Du haut de sa terrasse qui surplombe la vallée dite des patriarches, le cardinal Raï ne peut qu’évoquer la mémoire de ses prédécesseurs, tous ceux qui ont nourri cette terre de leur sang pour qu’elle continue à être celle de l’entente, de la tolérance, des droits et des libertés. En parlant de leur combat, le patriarche Raï ne peut que se demander si aujourd’hui nous ne sommes pas en train de brader l’héritage qu’ils nous ont laissé. « Dix-sept patriarches, dit-il, sont enterrés ici, là où ils ont lutté pendant des siècles pour aboutir finalement au patriarche Élias Hoayek qui a joué un rôle déterminant dans la création du Grand Liban en 1920. Le centenaire que le Liban devrait célébrer l’an prochain est donc le fruit d’un long parcours... »
Toutefois, selon le patriarche, aujourd’hui, au lieu de célébrer dans la confiance et l’espoir dans l’avenir le centenaire du Grand Liban, une grande inquiétude étreint tout le monde. « Je suis triste pour tous ceux qui sont morts pour le Liban, car aujourd’hui j’ai l’impression que nous sommes revenus en arrière. On dirait que nous n’avons rien appris », lance Mgr Raï.
« Le Liban a connu la guerre, rappelle-t-il, et elle s’est terminée par l’accord de Taëf.

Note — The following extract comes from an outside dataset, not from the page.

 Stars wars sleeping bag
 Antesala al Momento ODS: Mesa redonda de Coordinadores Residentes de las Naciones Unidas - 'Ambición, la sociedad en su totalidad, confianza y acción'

À cette époque, le patriarche (Nasrallah) Sfeir a été mis devant un choix difficile : soit l’accord de Taëf, soit la continuation de la guerre. Il a évidemment choisi la première option. Indépendamment du jugement que l’on peut porter sur cet accord, on peut dire aujourd’hui qu’il n’a pas été appliqué, ni dans les textes ni dans l’esprit. Cet accord comporte aussi des lacunes et aujourd’hui nous n’avons pas un pouvoir qui gouverne. »
« Le problème, déclare encore le patriarche, c’est que l’autorité ne tranche pas. Preuve en est, l’affaire de Qabr Chmoun, qui paralyse le gouvernement et continue de susciter des polémiques sur les faits, sur la justice compétente, sur les prérogatives du président de la République et du Premier ministre, et les responsables continuent de violer la Constitution et les lois... »

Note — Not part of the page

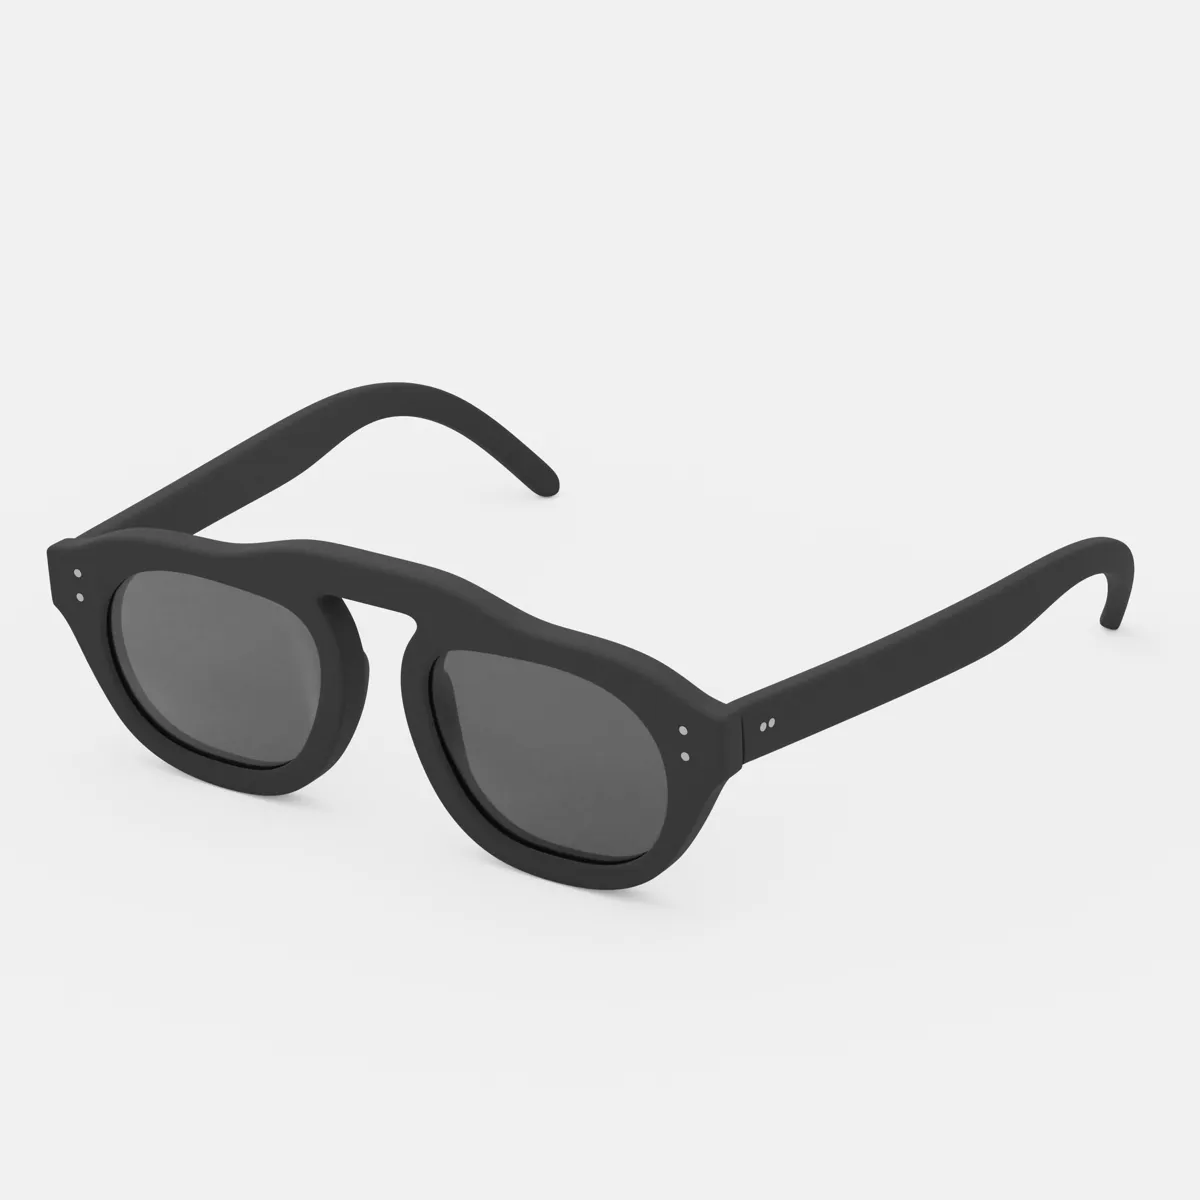 Plymouth Oval Eyewear Frames

Il ajoute : « La Constitution, le pacte national, les lois sont le chemin. Si nous ne les suivons pas, nous tombons dans les précipices. » Pour le patriarche, le monde a les yeux fixés sur le Liban pour l’aider, des conférences internationales sont organisées dans ce but. Le budget a été certes adopté, mais il n’est pas complet et les institutions sont paralysées. « Sommes-nous dans un État ou dans une ferme formée de confessions et de communautés ? Si un jugement nous plaît nous l’acceptons et s’il nous déplaît nous le rejetons ? Comment, dans ce même contexte, pouvons-nous accepter ce qui se passe sur le plan sécuritaire ? »
(Lire aussi : Raï aux responsables politiques : Revenez à la Constitution et au pacte national)
Les FSI
À ce stade, le patriarche Raï lance un appel au général Imad Osman, directeur des FSI, pour lui demander comment « il accepte que des dossiers soient fabriqués contre des personnes appartenant à une même confession et à une même religion ». Mgr Raï affirme qu’il est avec l’application de la loi, mais il se demande s’il est permis que les détenus soient torturés dans les caveaux des FSI et de son service de renseignements ? Il ne peut aussi s’empêcher de lancer que la situation est devenue « inacceptable, car nous nous éloignons de plus en plus du concept de l’État ».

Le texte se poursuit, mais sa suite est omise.